Carriers offer shippers extra loaders as the South Korean government pressures carriers to reduce soaring rates and improve services

HMM, the country’s largest carrier, had already extended its extra loader service to February 2021 after meeting with shipper organisations in late September. But further pressure from government has seen SM Line Corporation, South Korea’s only other Transpacific carrier, launching an “extra loader” service too, deploying a 3,000TEU vessel for one sailing each in December and January 2021.

The South Korean government has urged the country’s container carriers to collaborate to resolve the shortage of shipping capacity for local exporters. The Minister for Oceans and Fisheries, Moon Seong-hyeok, chaired an emergency meeting with the presidents of all 14 South Korean liner operators on 11 November 2020.

Moon reminded the liner operators’ presidents that the shipping industry is supported by the current government, and South Korean exporters need to establish a win-win solution.

He noted that while South Korean liner operators tried to co-operate through forming the Korea Shipping Partnership in 2017, market dynamics have changed.
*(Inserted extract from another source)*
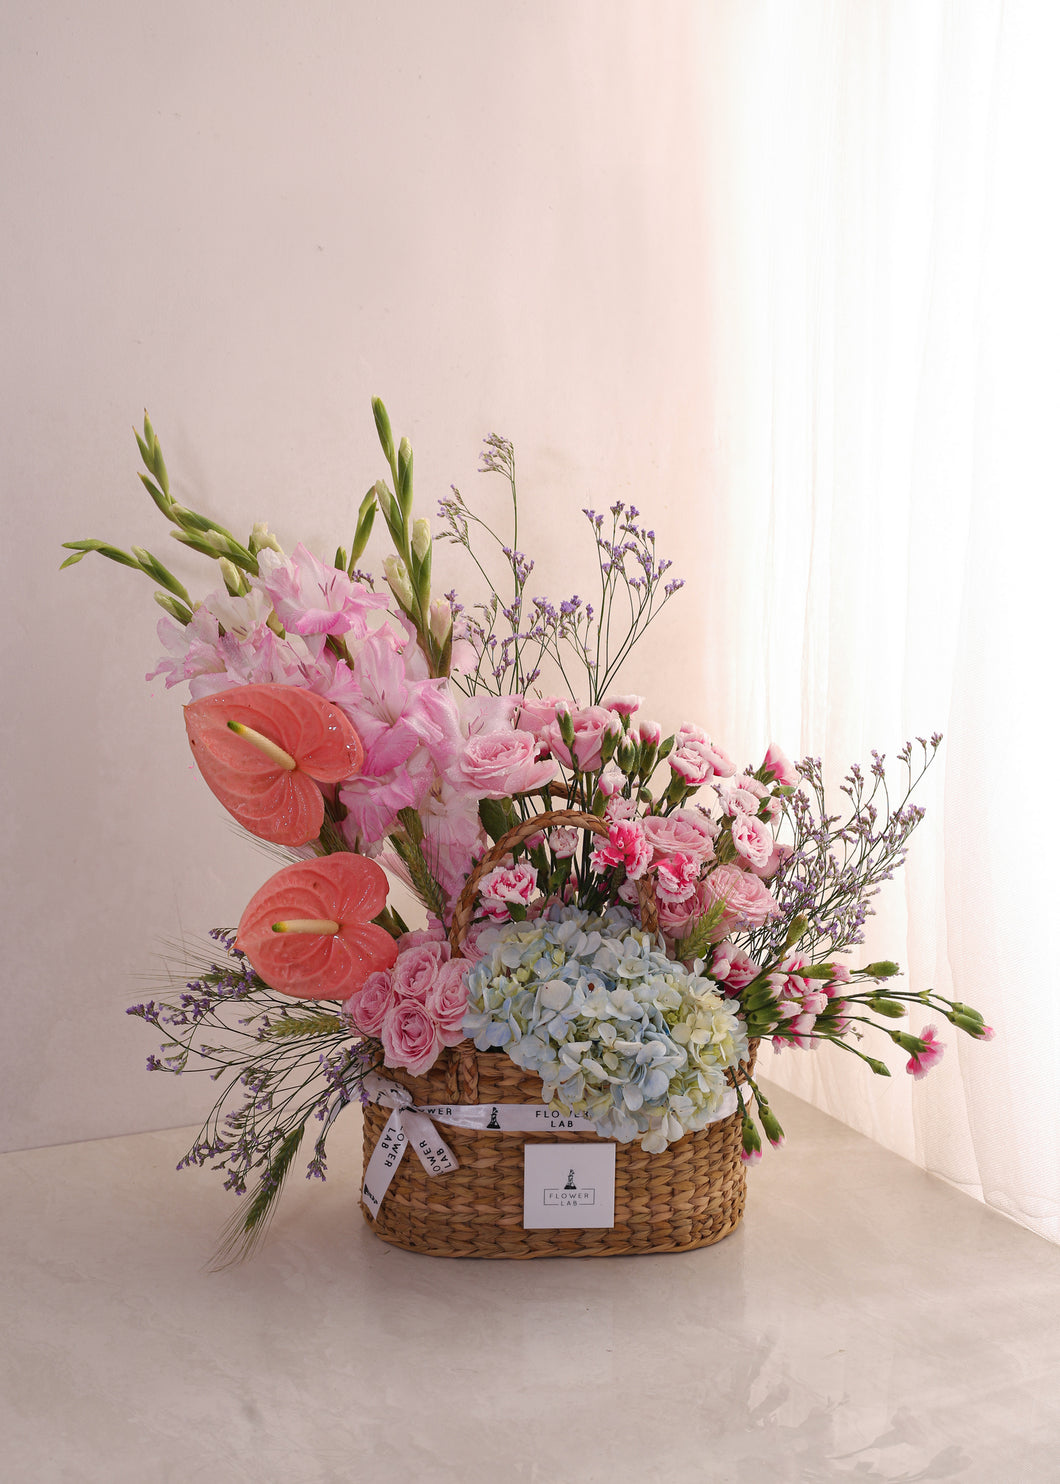 Pastel Prettiness in cane basket

The minister said, “It’s time for South Korean carriers to find a new collaborative model, as Asian liner operators are struggling to compete against larger shipping groups.”

Freight rates on various trade lanes have soared as container carriers trimmed capacity amid economic uncertainties wrought by Covid-19. Transpacific rates, especially, have hit levels not seen since 2009, causing the governments of South Korea, China and the US, to step in.

As of 6 November, Asia-US West Coast rates averaged US$3,871/FEU and Asia-US East Coast rates averaged US$4,665/FEU. The situation has been exacerbated by a container shortage, caused by the slow return of empty containers from North America to Asia, due to congestion and delays at US ports.